(STORED DATA Opens)

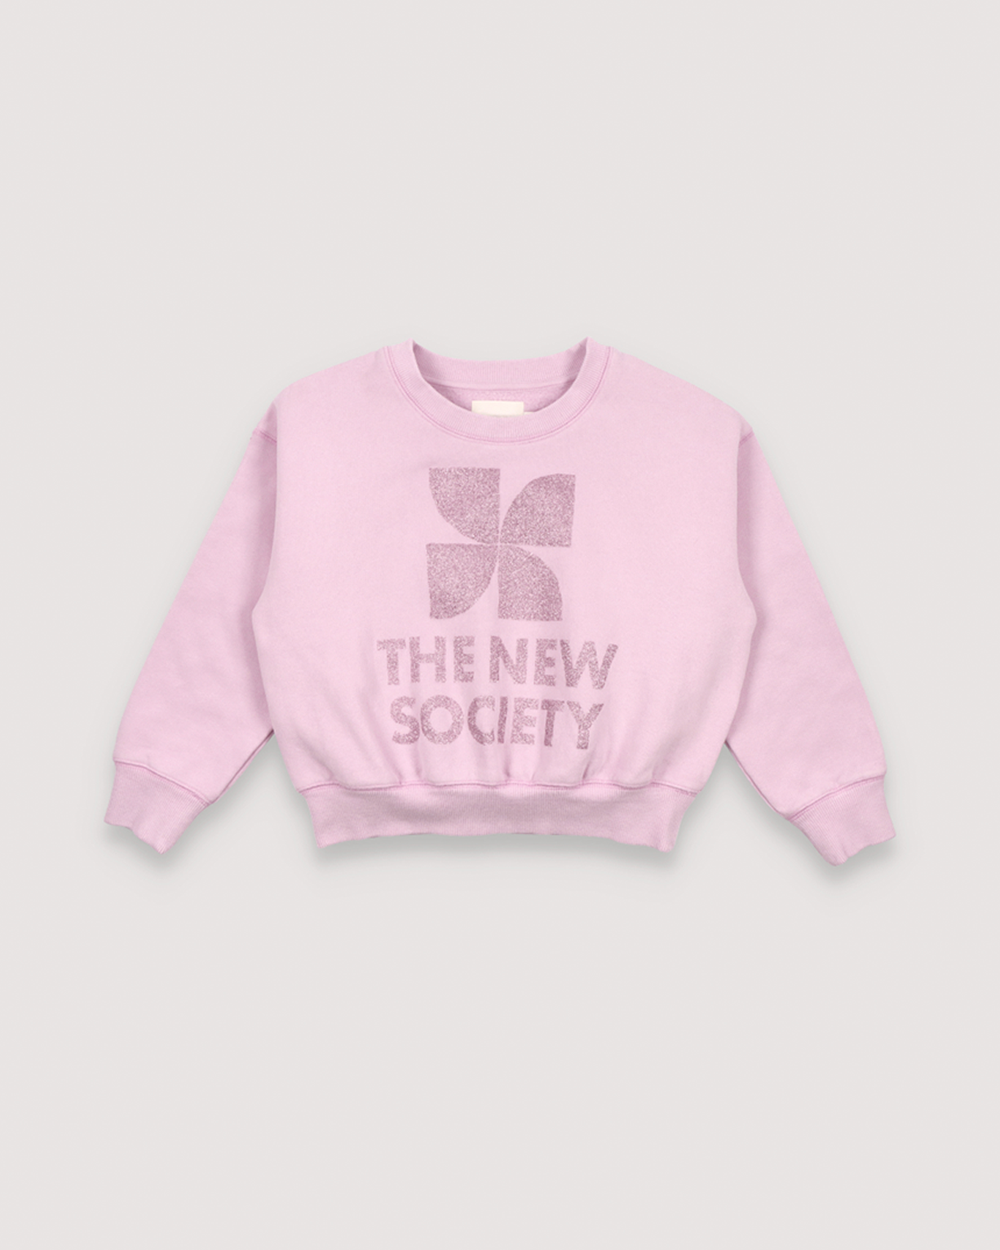 [THE NEW SOCIETY] Ontario Sweater Iris Lilac [4Y, 8Y, 10Y]
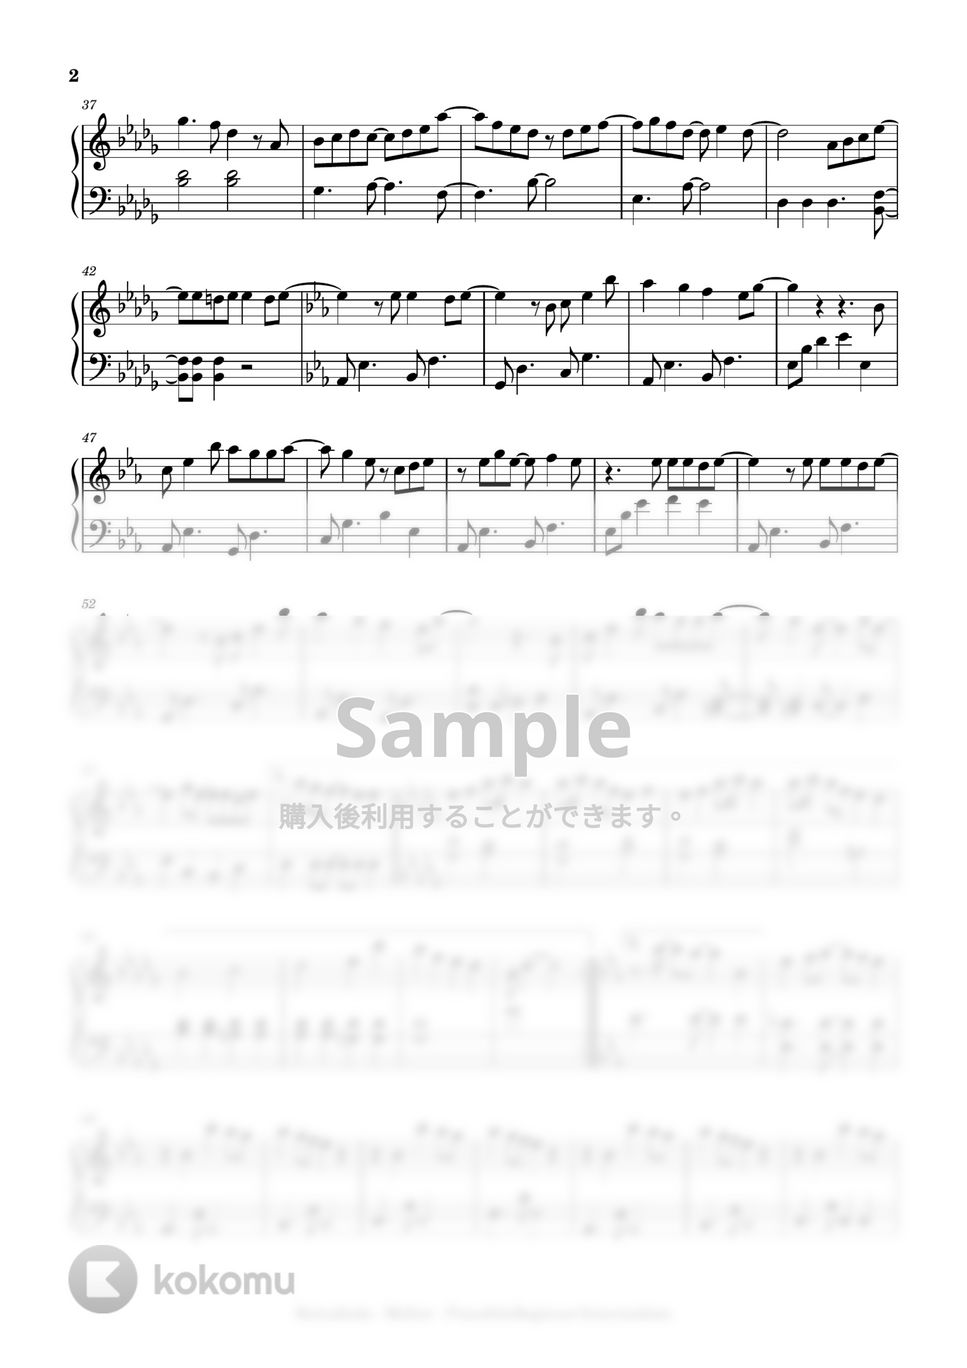 須田景凪 - Mellow (beginner to intermediate, piano) by Mopianic
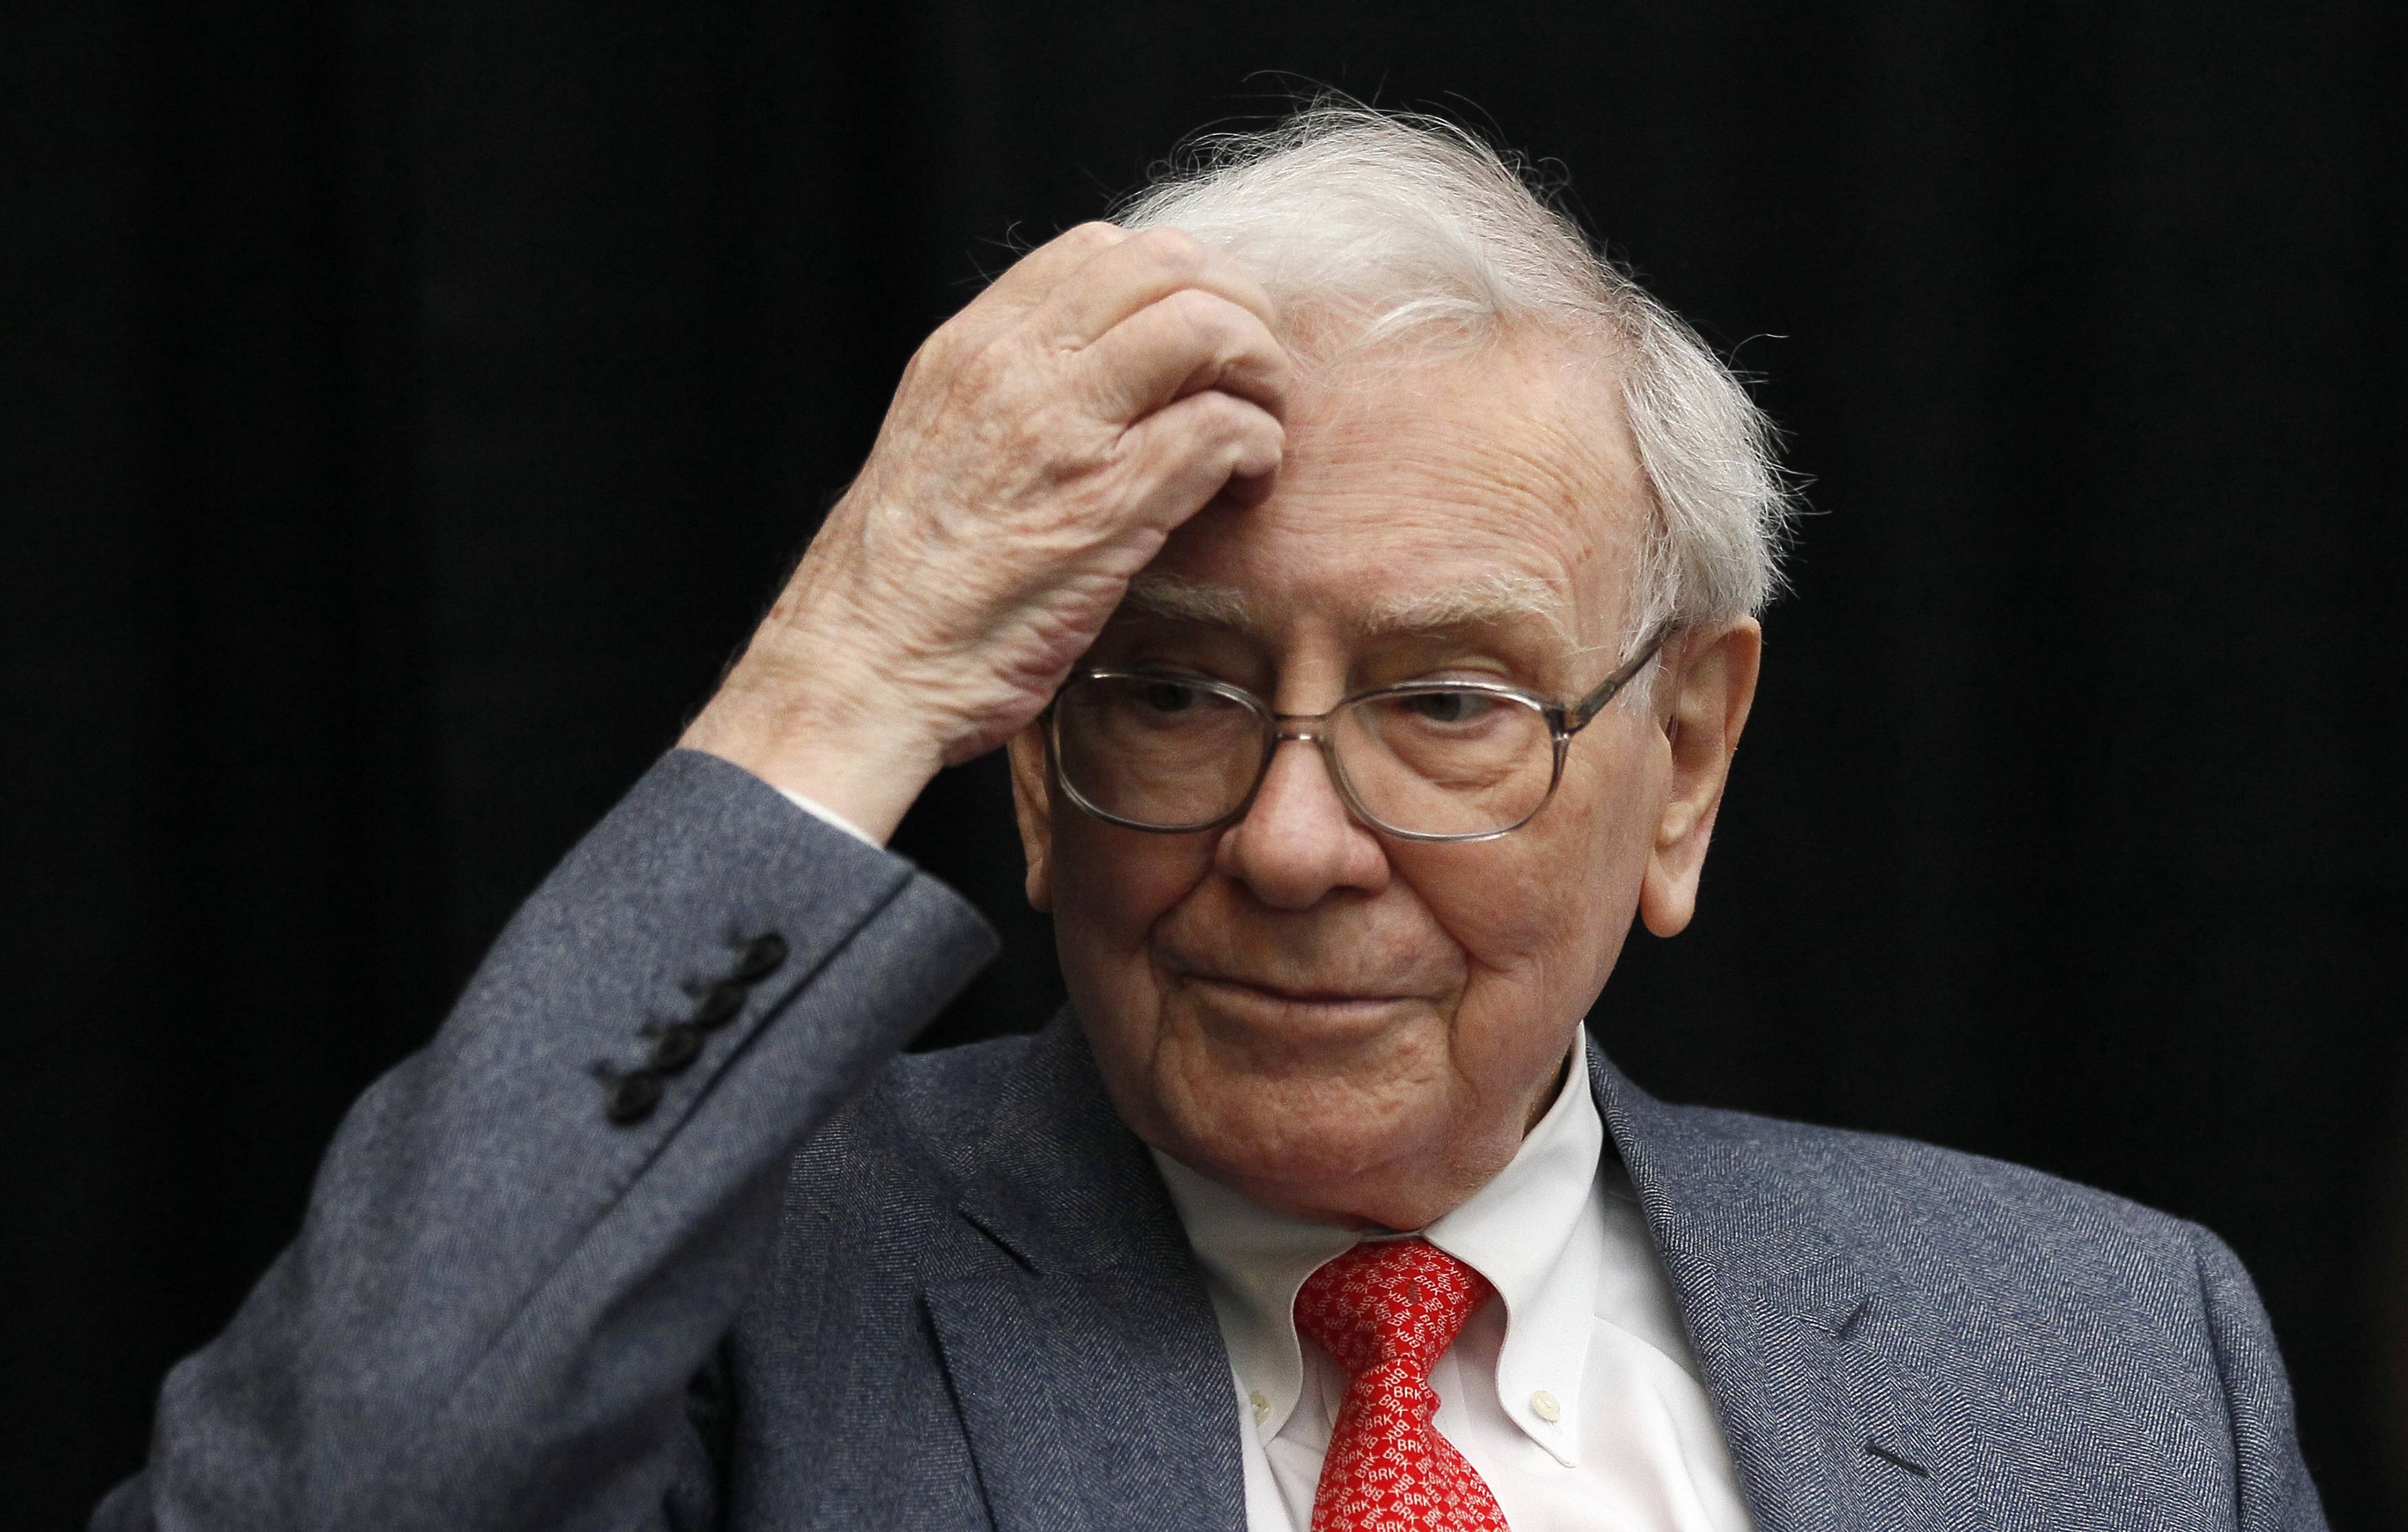 US billionaire Warren Buffett optimistic on stocks

(STORED DATA Closes)

_ASSIGNED TASK_
Set out nothing but the lines from the line with "須田景凪 - Mellow" through the end of the material, reproduced exactly, both ends included, pictures omitted.

_TASK RESULT_
 須田景凪 - Mellow (beginner to intermediate, piano) by Mopianic
 US billionaire Warren Buffett optimistic on stocks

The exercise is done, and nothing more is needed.